Votre annonce de vouloir interdire le tabac dans les restaurants a provoqué une vraie vague de passions, les uns applaudissant, d'autres, comme le DP, estimant que c'est une immixtion de l'État dans les affaires privées des citoyens... Des pays comme l'Italie ou l'Irlande ont réalisé de telles mesures depuis quelque temps, sans grands problèmes. Qu'est-ce que vous allez faire concrètement pour y arriver?
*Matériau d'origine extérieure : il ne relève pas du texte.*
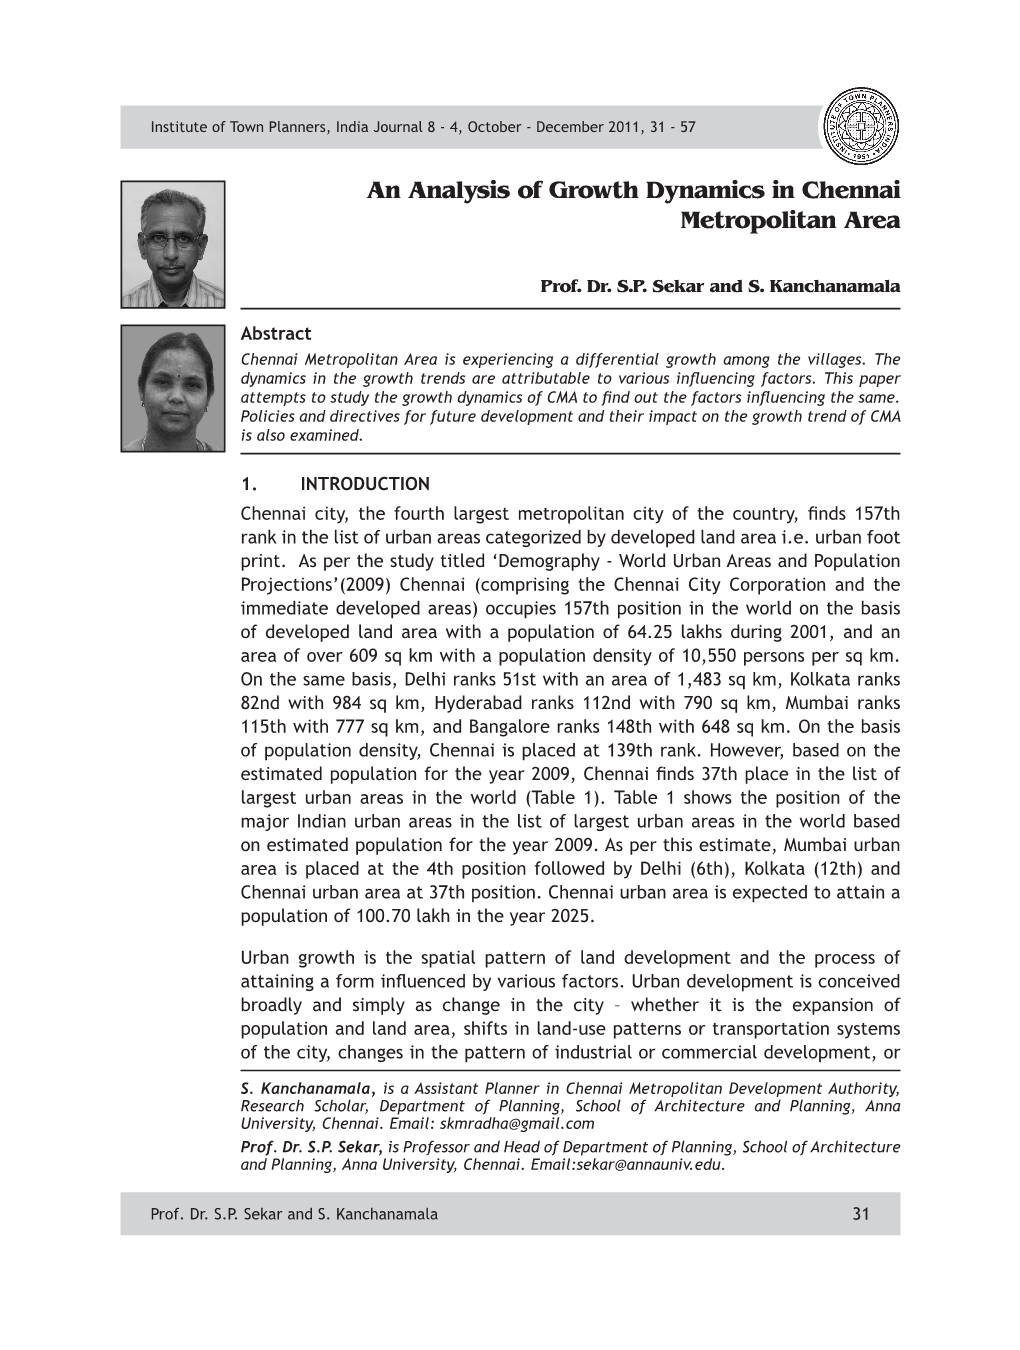 An Analysis of Growth Dynamics in Chennai Metropolitan Area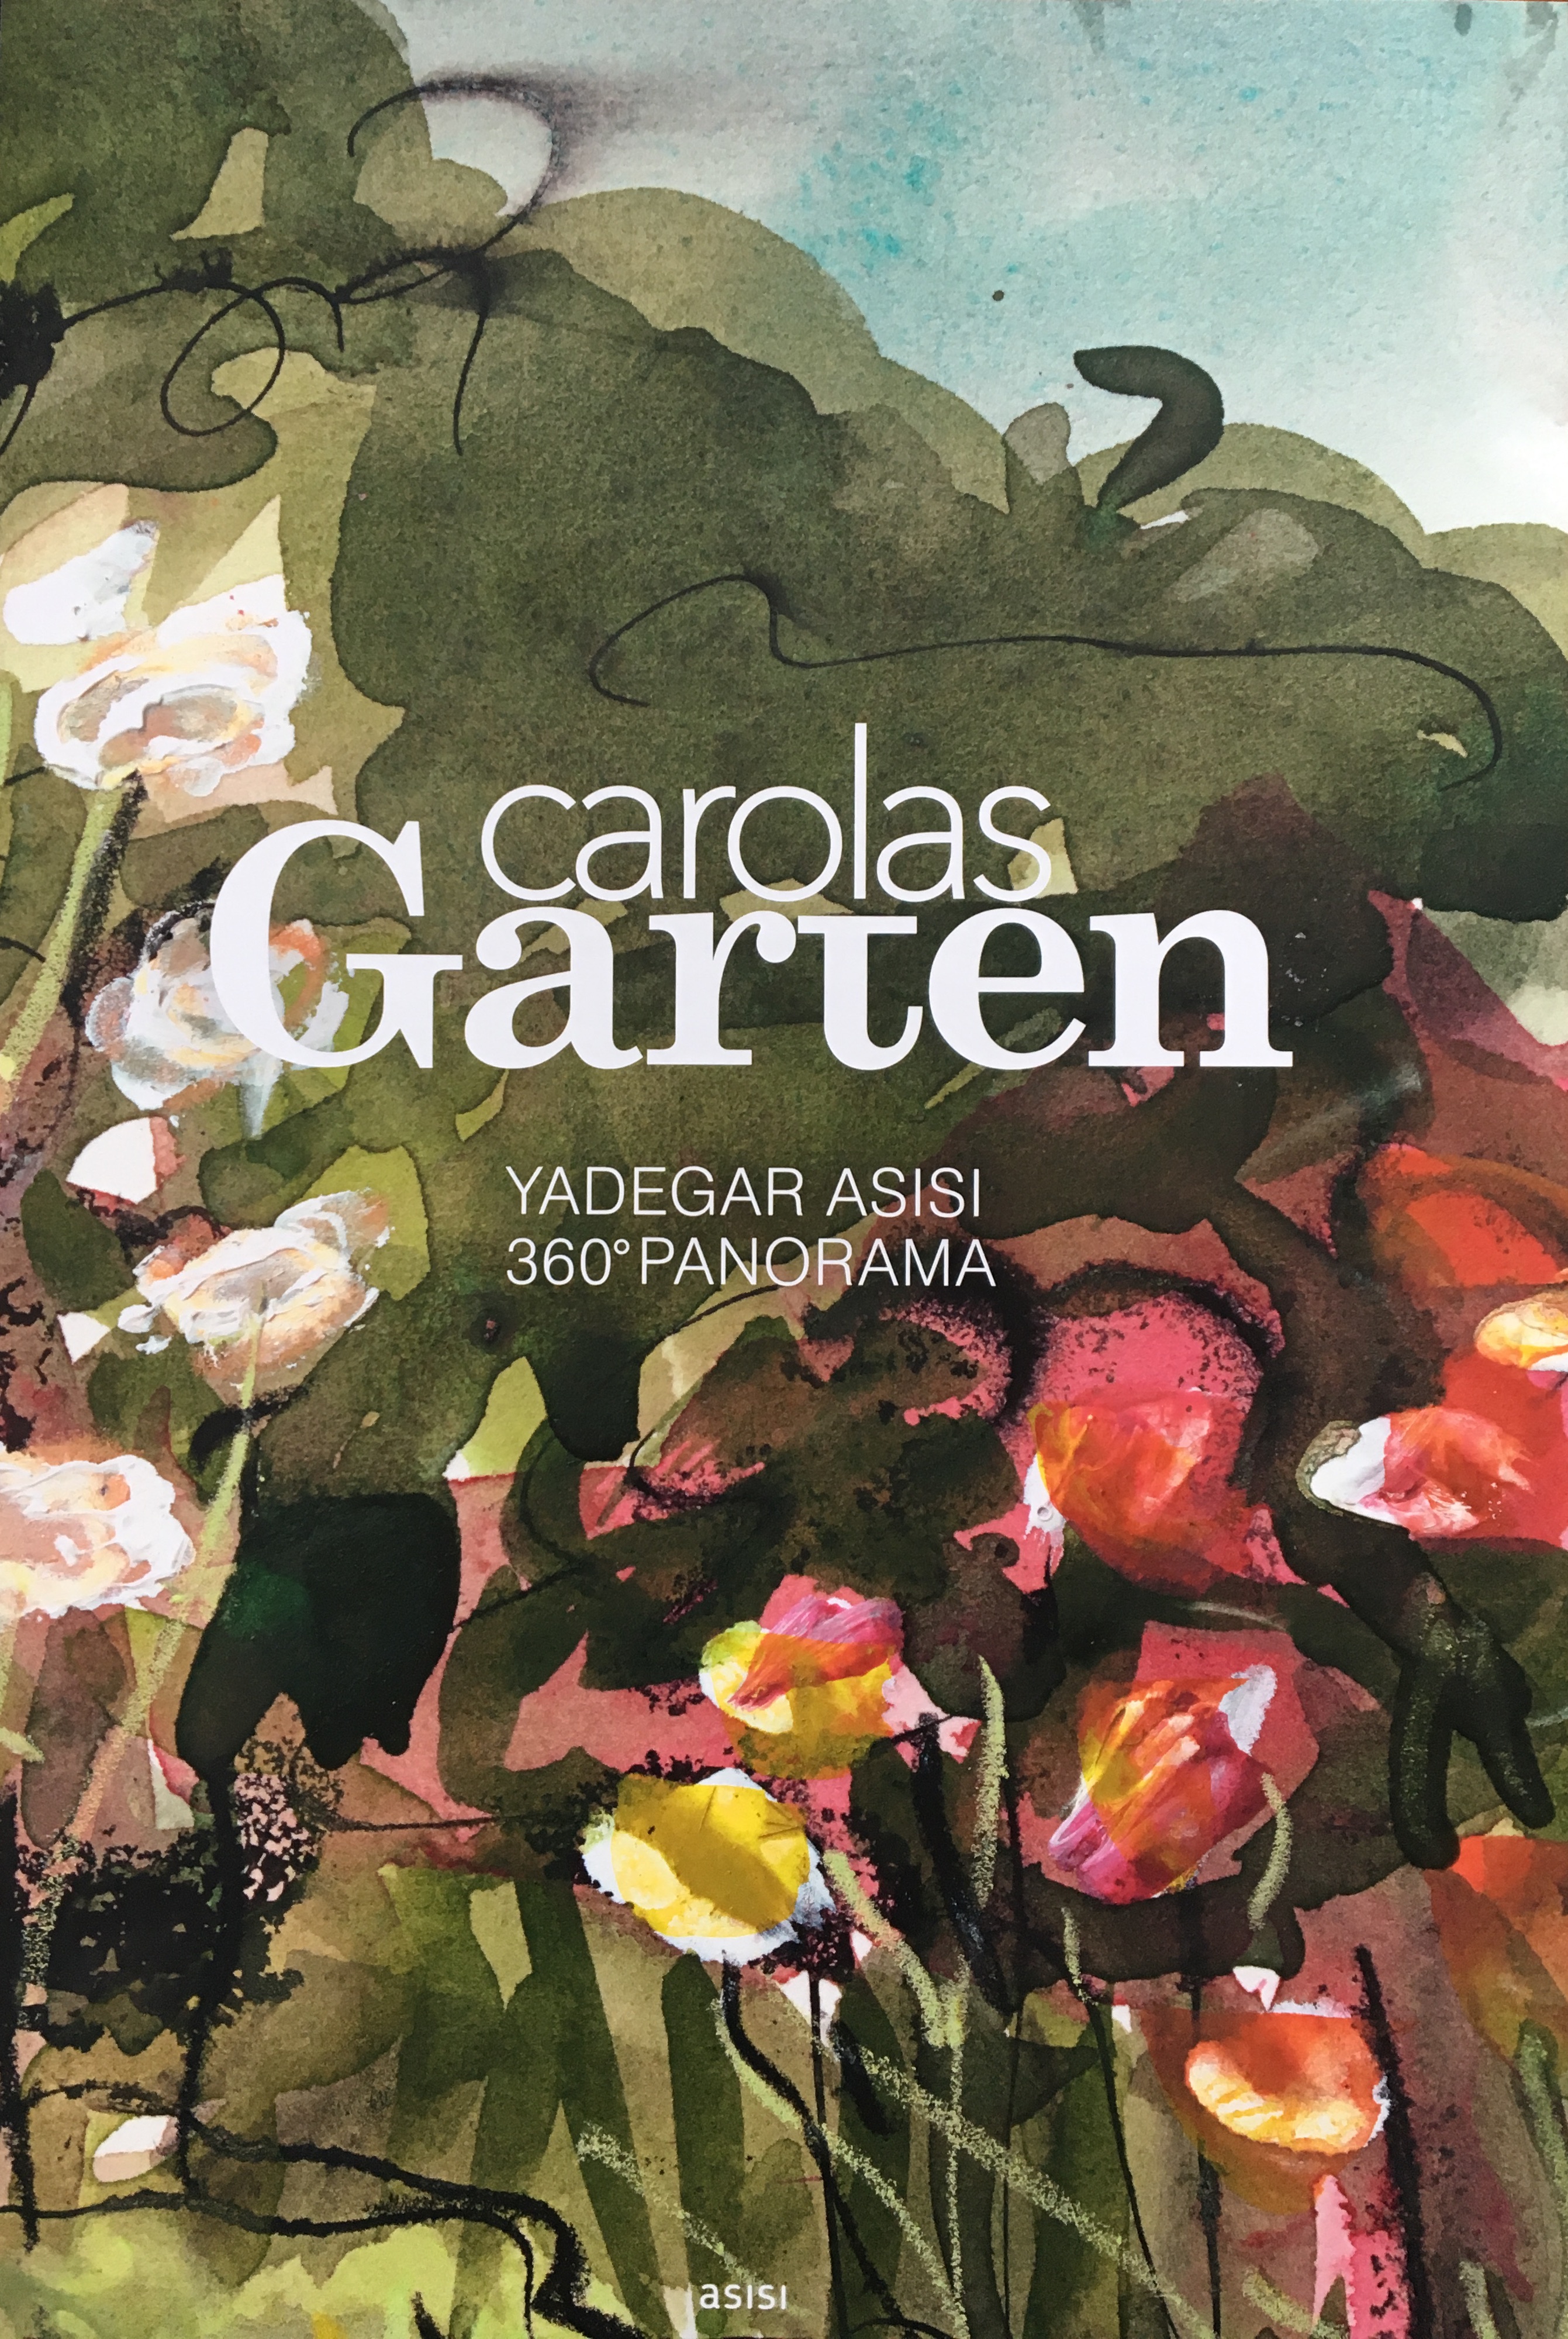 Carolas Garten, Bild: Yadegar Asisi 360° Panorama. Berlin: asisi F&E GmbH, 2019..

Je fais ce que nous avons fixé dans l'accord de coalition: «améliorer la protection des non fumeurs», ni plus ni moins. Nous allons faire une loi qui réforme celle de 1987 sur le tabagisme, dans laquelle nous allons augmenter l'âge minimum pour l'achat de cigarettes et interdire de fumer dans les espaces communs comme les restaurants. En ce qui concerne le domaine du travail, nous sommes en train de voir avec le ministre du Travail, François Biltgen, jusqu'où nous pouvons aller. Mais il est déjà interdit aujourd'hui de fumer dans plein d'endroits, nous allons tout faire pour que cela soit désormais mieux respecté. Nous allons aider les gens qui veulent arrêter de fumer et augmenter les mesures de sevrage. Il y aura en outre un aspect ayant trait à la publicité dans cette loi, pour laquelle je compte déposer le projet au courant du mois d'avril déjà. Ce dont je me réjouis vraiment dans les débats qui ont suivi mon annonce de ce projet, c'est le fait que pour l'opinion publique, l'aspect santé est beaucoup plus important que l'aspect économique. Je considère cela comme un vrai progrès.